After a few years of living in OSGi land, the default Java "flat classpath" feels weird and even kind of broken to me, largely because (as you've experienced) it throws all JARs into one giant arena and hopes they can sort of work things out. The OSGi environment gives me a lot more control over dependency relationships, and as a "side effect" also naturally demands clarification of those relationships. Between these clear declarations and the tooling's enforcement of them, the project's structure is more obvious to everyone on the team.
if my code accidentally uses a dependency of a dependency, I want it to show up as a compilation error. Ideally, as class not found, but any error would do.

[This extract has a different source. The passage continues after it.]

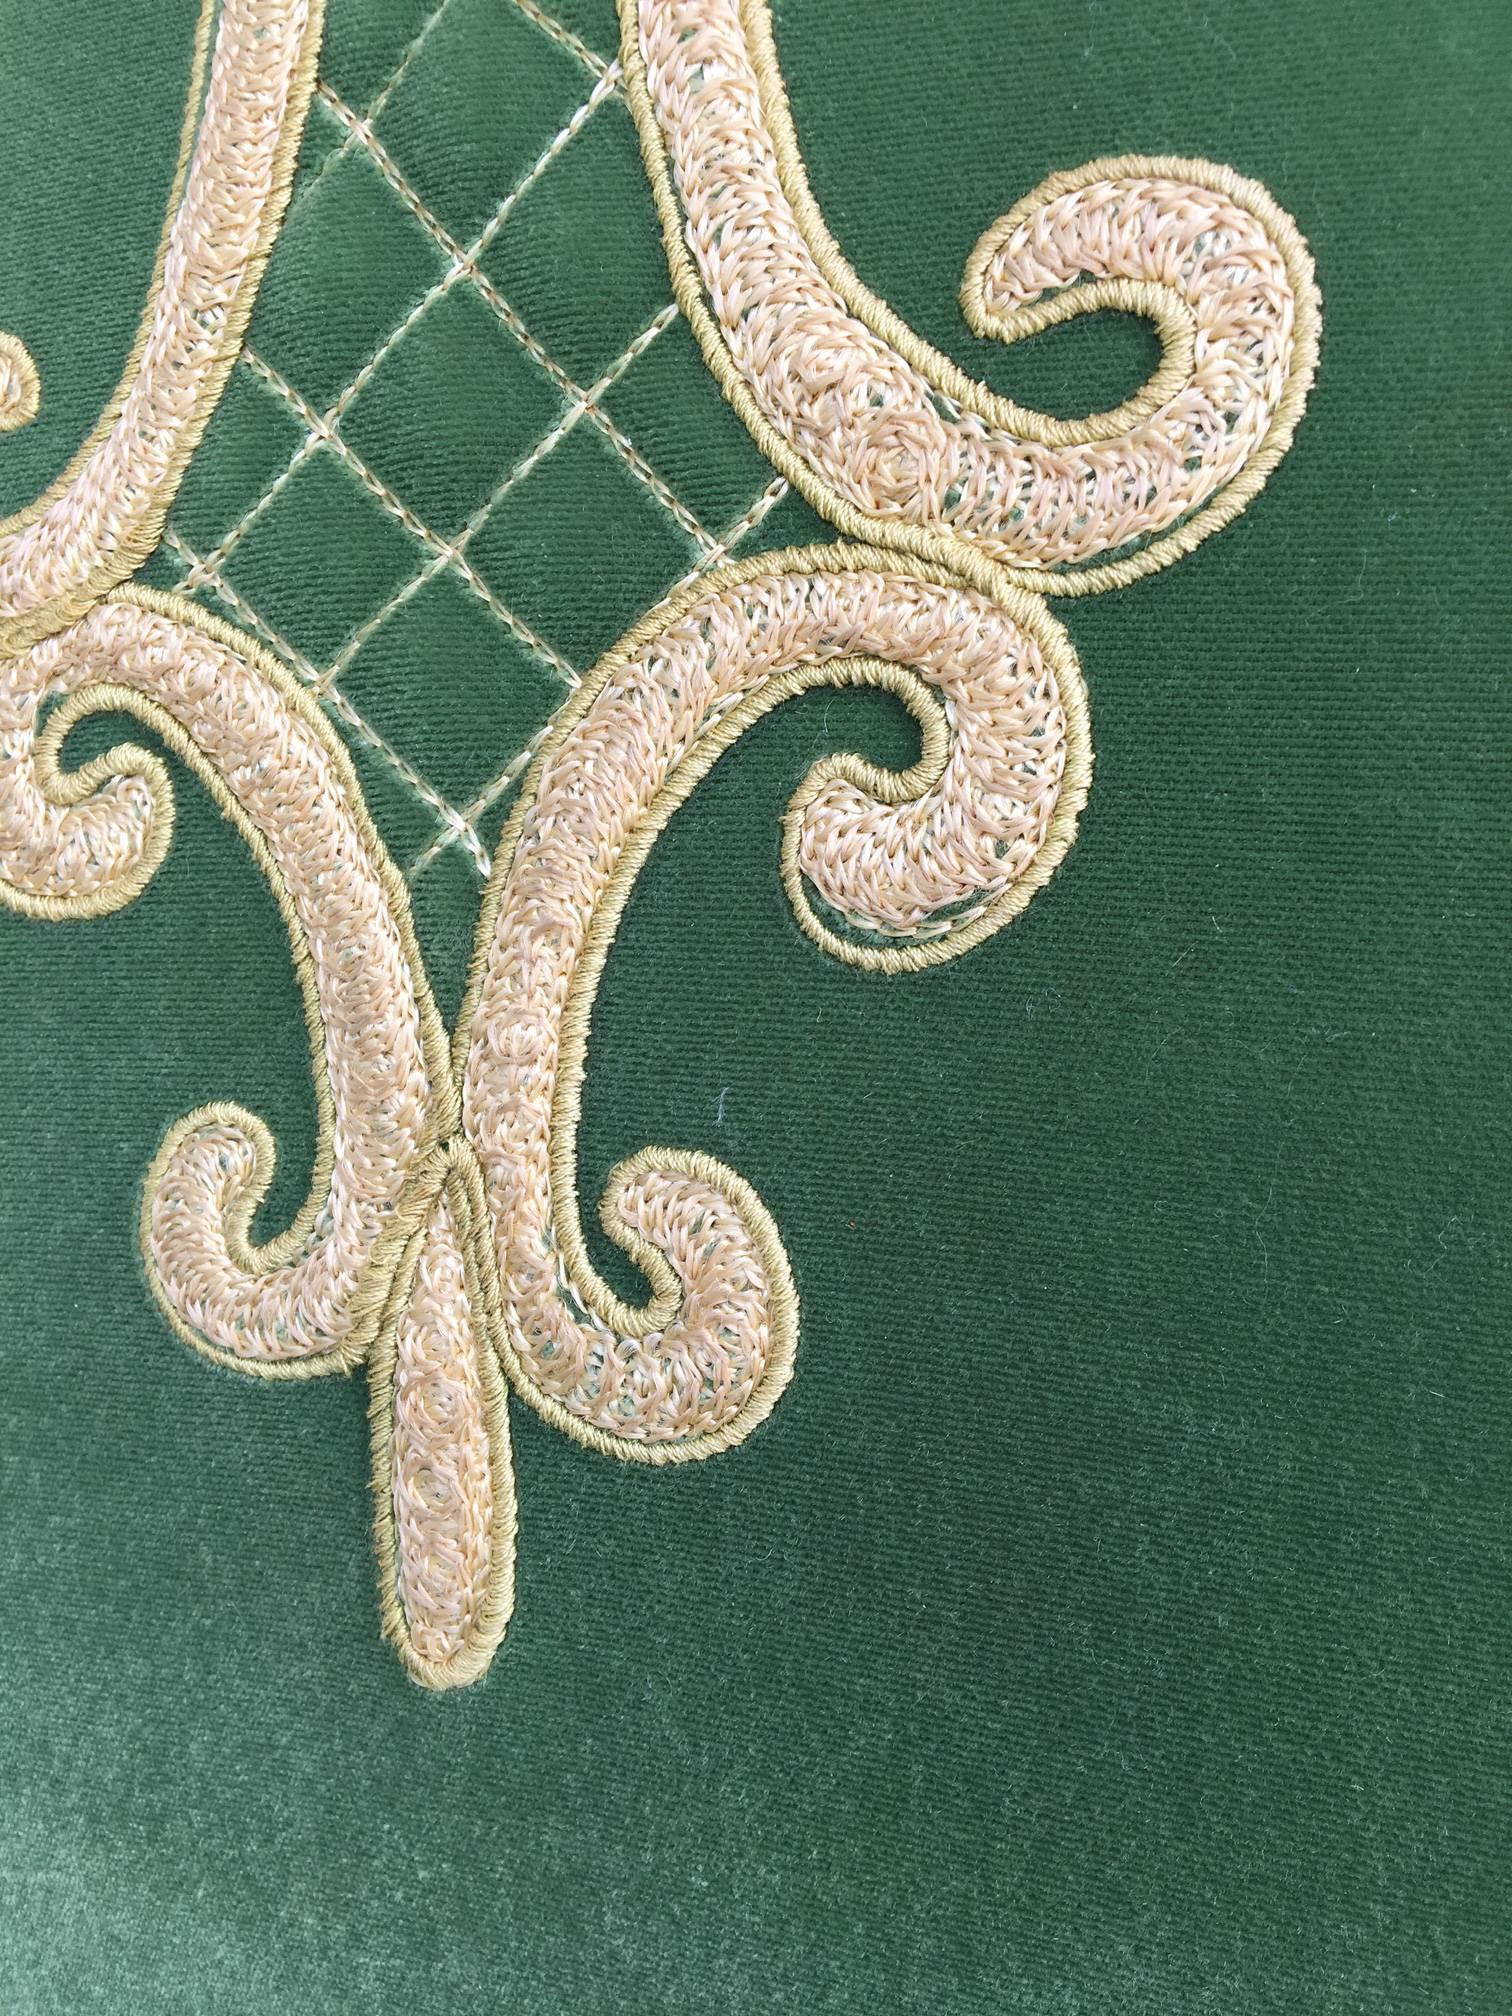 Dorothy Draper for Heritage Green Velvet Embroidered Dining Chairs 2

Put your code in one plug-in, your direct dependencies in other plug-ins, their dependencies in other plug-ins, etc. and declare each plug-in's dependencies. Eclipse will immediately do exactly what you want. You won't be offered dependencies' dependencies' contents in autocompletes; you'll get red squiggles and build errors; etc.
Why not use access rules to keep your code clean?
It looks like it would better be managed with maven, integrated in eclipse with m2eclipse.
That way, you can only execute part of the maven build lifecycle, and you can manage separate set of dependencies per build steps.
In my experience it helps to be more resrictive, I made the team filling out (paper) forms why this jar is needed and what license...
and they did rather type in a few lines of code instead of drag along 20 jars to open a file using only one line of code, or another fancy 'feature'.
Using maven could help for a while, but when you first spot jars having names like nightly-build or snapshot, you will know you're in jar-hell.
conclusion: Choose dependencies well
Would using the slf4j-over-log4j jar be useful? That allows using slf4j with actual logging going to log4j.